I worked hard to unclench my jaw, for I knew Des’s dad and his much younger new bride, aka Felicity Fartface, aka Homewrecking Barbie, were watching us from the doorway.

Neither do I,I wanted to say, but I kept my thoughts to myself. “Two days, baby,” I repeated.

He let out a slow breath. “Two days.”

“Yep.” I fought the urge to slam the car in reverse and hightail it out of there, but I couldn’t afford more lawyer fees, and ‘a boy needed to know his father,’ even if his father was more worthless than a boil on a troll’s behind. “Two days,” I repeated once again, realizing it was as much for my benefit as it was for his. I cracked a smile. “What do you want me to cook for you when you come home?”

His grin stretched nearly ear to ear. “Pizza.”

“Olives and cheese.” It was more a statement than a question. I knew what Des liked on his pizza. Exactly three olives per slice, with a thick enough crust that his fingers didn’t touch the sauce.

He punched the air. “Yes!”

“Okay.” I cupped his cheek, feeling privileged that only I could touch him like this. “I love you so much.”

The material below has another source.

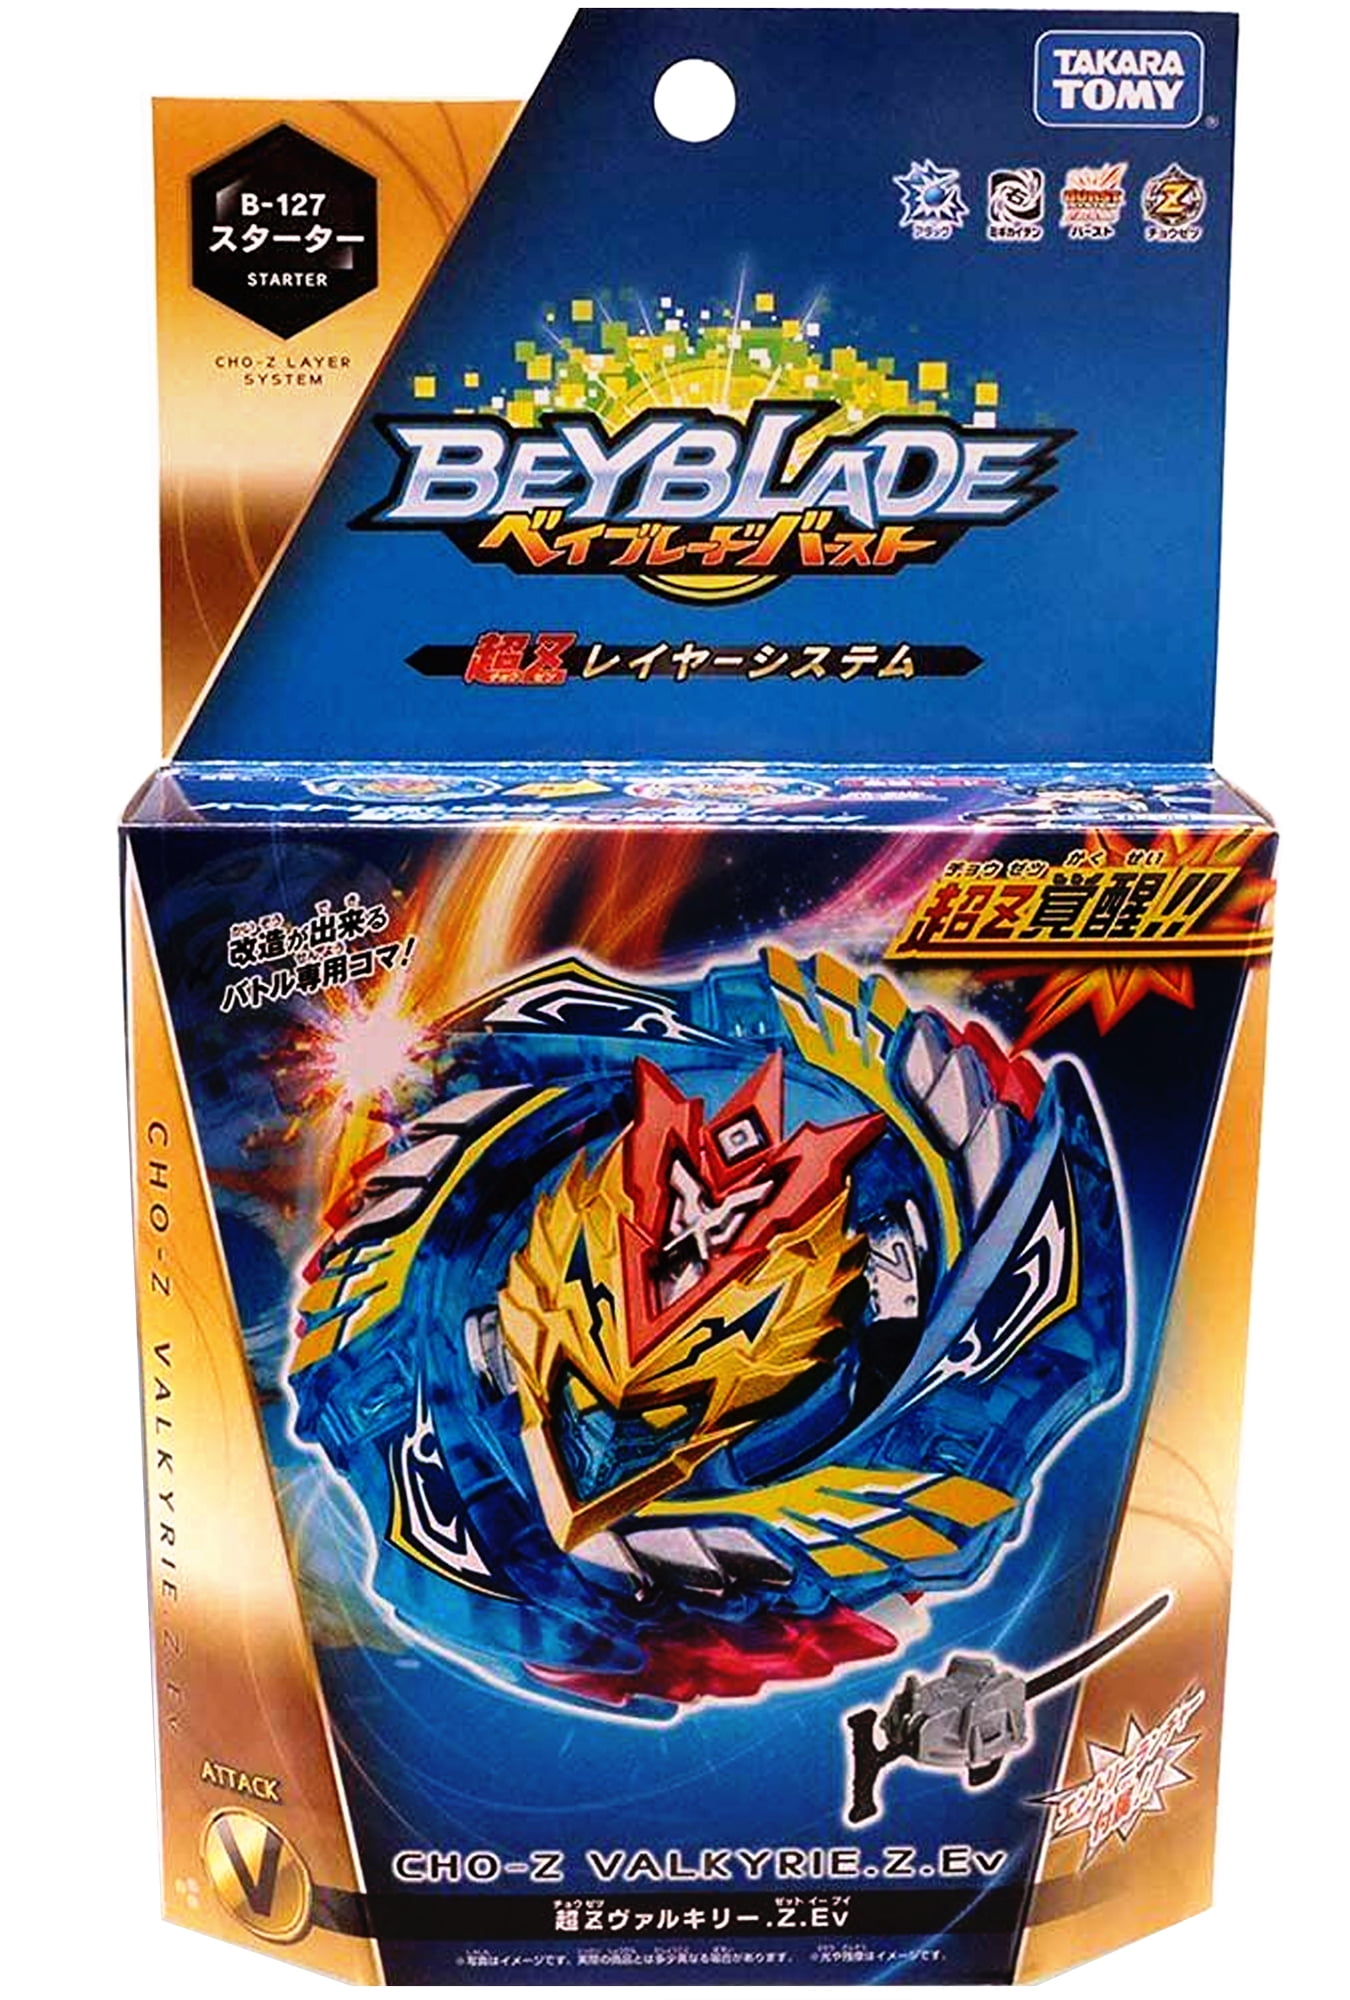 Details about   Takara Tomy Beyblade Burst B-117 Revive Phoenix 10 Friction With Launcher #1

An understanding passed between us, and I saw a flash of recognition, even if it was only for a moment, a glimpse of the boy beneath the haze that usually fogged his eyes. As always, he ended contact first, pulling away from me while reaching for the door handle.

“Let’s get this over with,” I grumbled while following after him.

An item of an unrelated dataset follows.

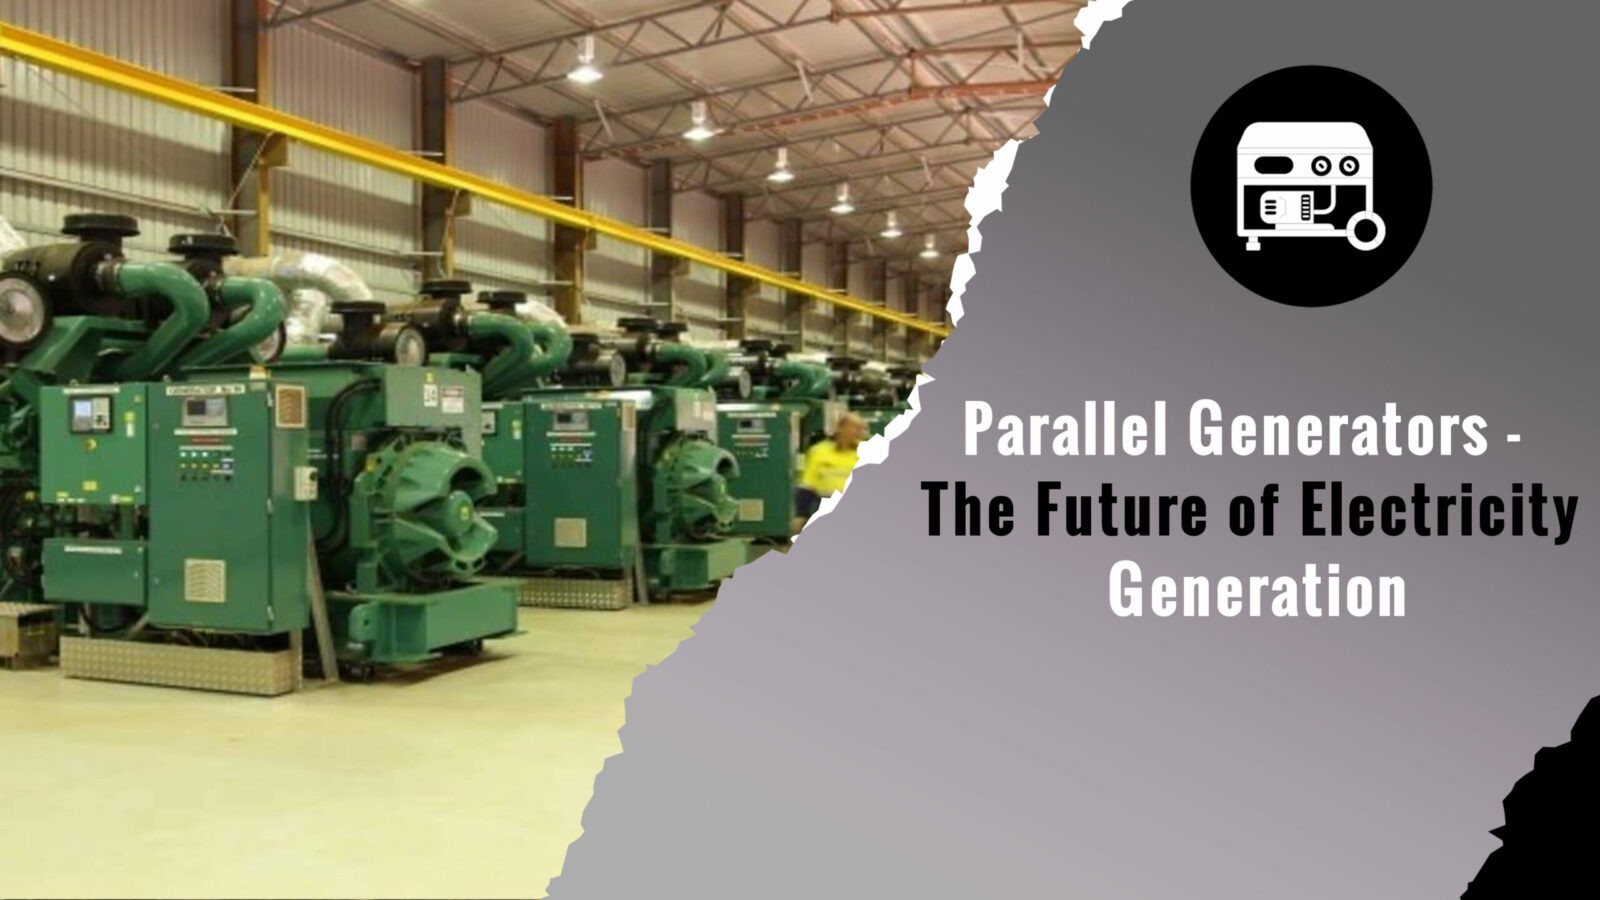 Parallel Generators - The Future of Electricity Generation

I couldn’t escape the feeling that I was marching to my own funeral as I followed my son up the steep driveway to the house my ex’s parents had purchased for us as a wedding gift. It was a glaringly white art deco modern monstrosity with zero landscaping save for pale rocks and bristling cacti. I’d hated almost everything about the home, but his parents had already signed the paperwork before I could have a say. It had a big kitchen and a hot tub and pool, so who was I to complain?

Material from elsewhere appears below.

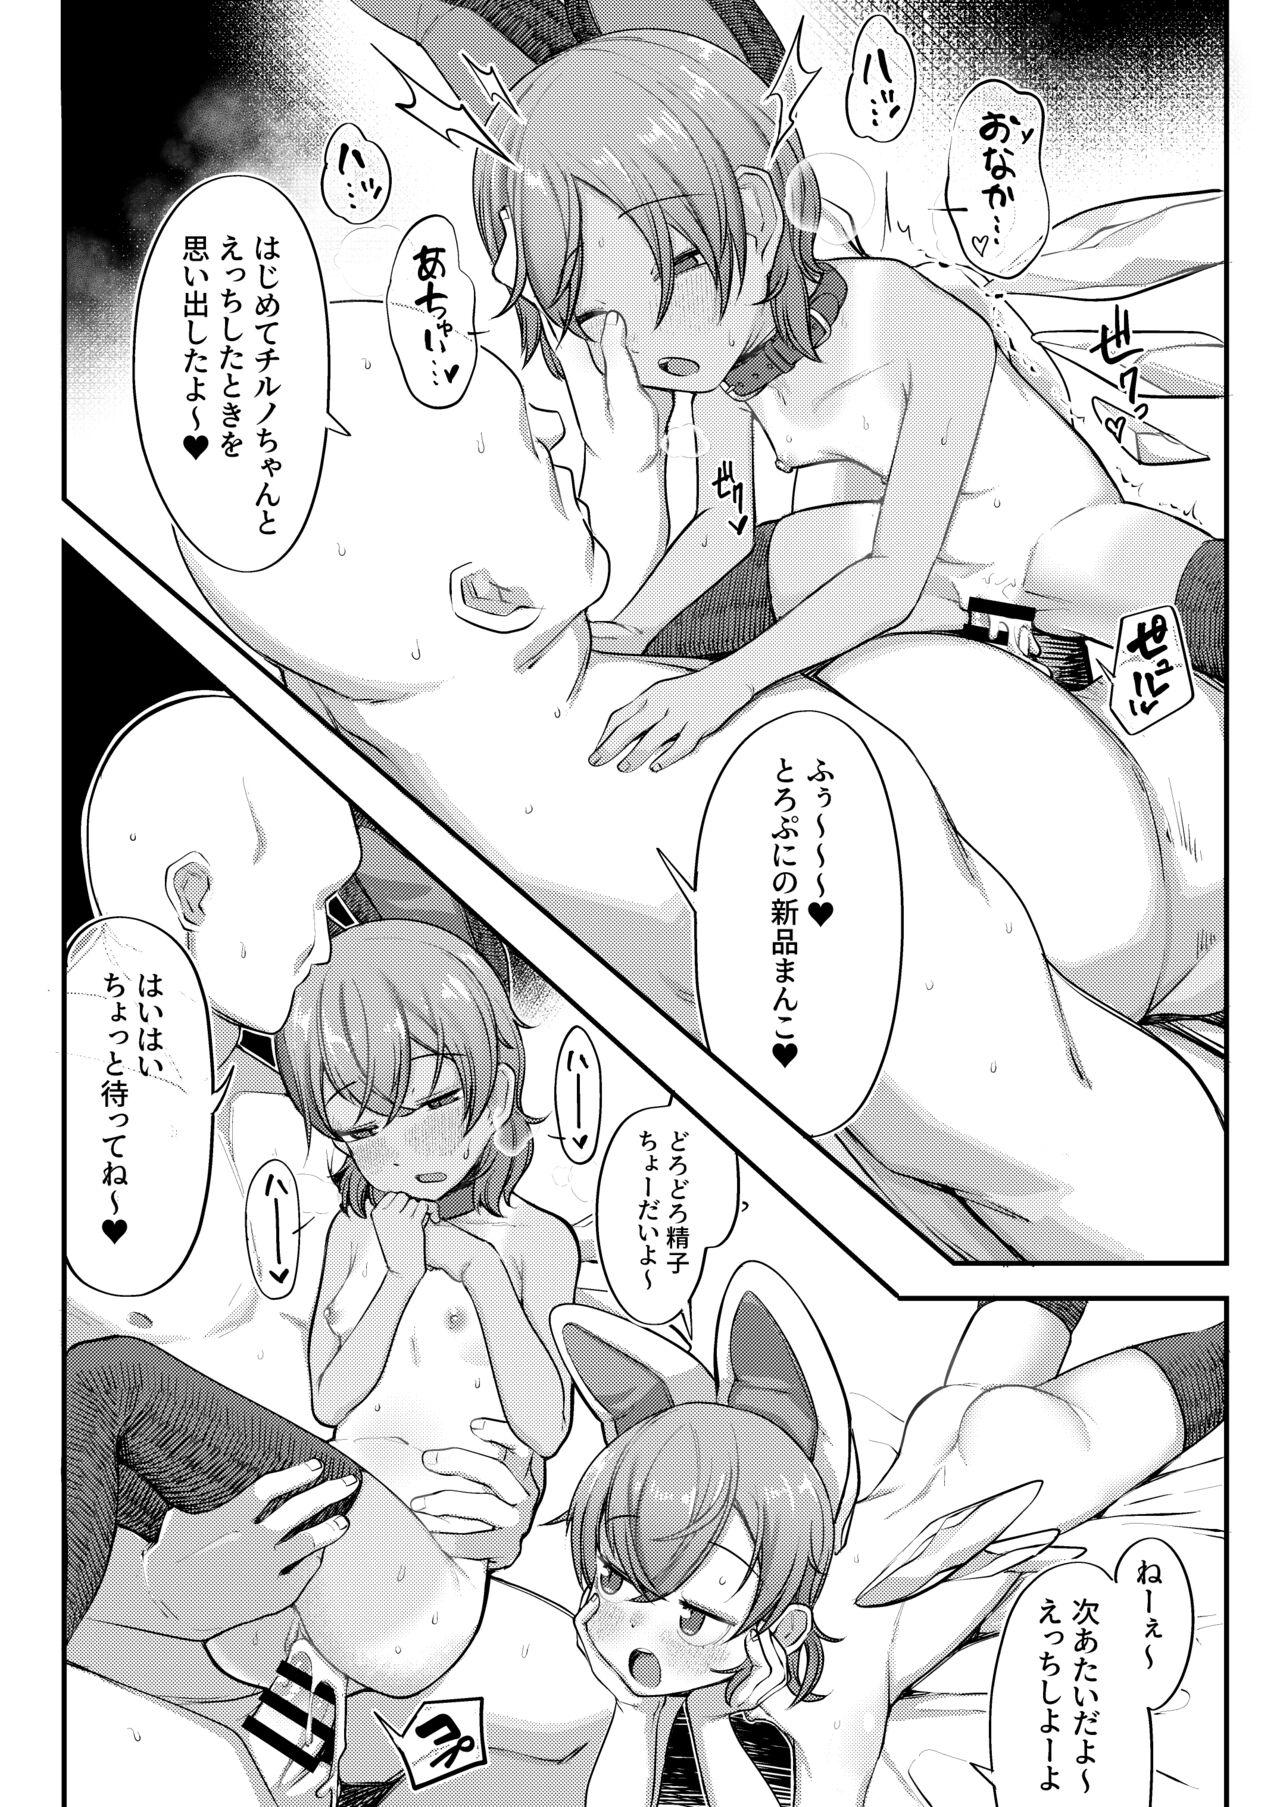 Butt Plug Cirno to Cirno - Touhou project Gaycum - Page 12

My ex-husband and his former secretary were all smiles while waiting for us beneath the tall portico. Colin looked like he’d raided the wardrobes of Mr. Rogers and Keith Richards with a douchebaggy cable knit sweater and (gag) tight, tanleather pants tucked into suede boots. His hair was slicked back in a way that made him look like Elvis’s resurrected corpse. Felicity’s silver-dollar-sized nipples poked through a tight, sparkly crop top that showcased her new, perky double Ds that were big enough to feed a colony of feral gnomes. She wore a tight little skirt that barely covered her skanky crotch, no doubt infested with a raging case of dragon crabs, and she’d caked on enough makeup to encourage every commercial cosmetic industry to resume animal testing. Both were second-rate witches, though one had money and the other had looks, which, no surprise, gave them just enough clout to pretend they were important in the magical realm. To say I loathed and resented them would’ve been an understatement.

Colin squeezed Felicity to his side, his smile appearing plastered to his face. “You look nice.” His beady-eyed gaze raked over me in a way that made me vomit a little in my mouth. “Where are you going?”

“Out,” I answered with a disinterested slur. Yeah, I looked good, mostly because Ethyl had done my hair and makeup, and I’d practically bathed in butter to slip into a pair of tight jeans, but most impressive were my gals suspended in a truly miraculous bra that defied gravity while masking the fact that I had breastfed a hangry baby for two years.

“Where’s my little Dessie?” Felicity flapped up and down like a deranged dragon while talking to my son as if he was a toddler. “There he is!”

I inwardly smiled when she held open her arms for a hug and he slapped her hands away before marching into the house. My glee was short-lived as I watched him flee up the modern, floating staircase with the metallic rails. He’d probably hide in his bedroom all weekend, playing video games while his father and stepmother ignored him.

“We’re going to have so much fun.” Felicity clasped her hands together, speaking through a frozen smile. “I just love that kid.”

I curled my hands into claws, fighting the urge to whip out my wand and deflate her new boobs.

“Can you pick him up early Sunday?” Colin asked.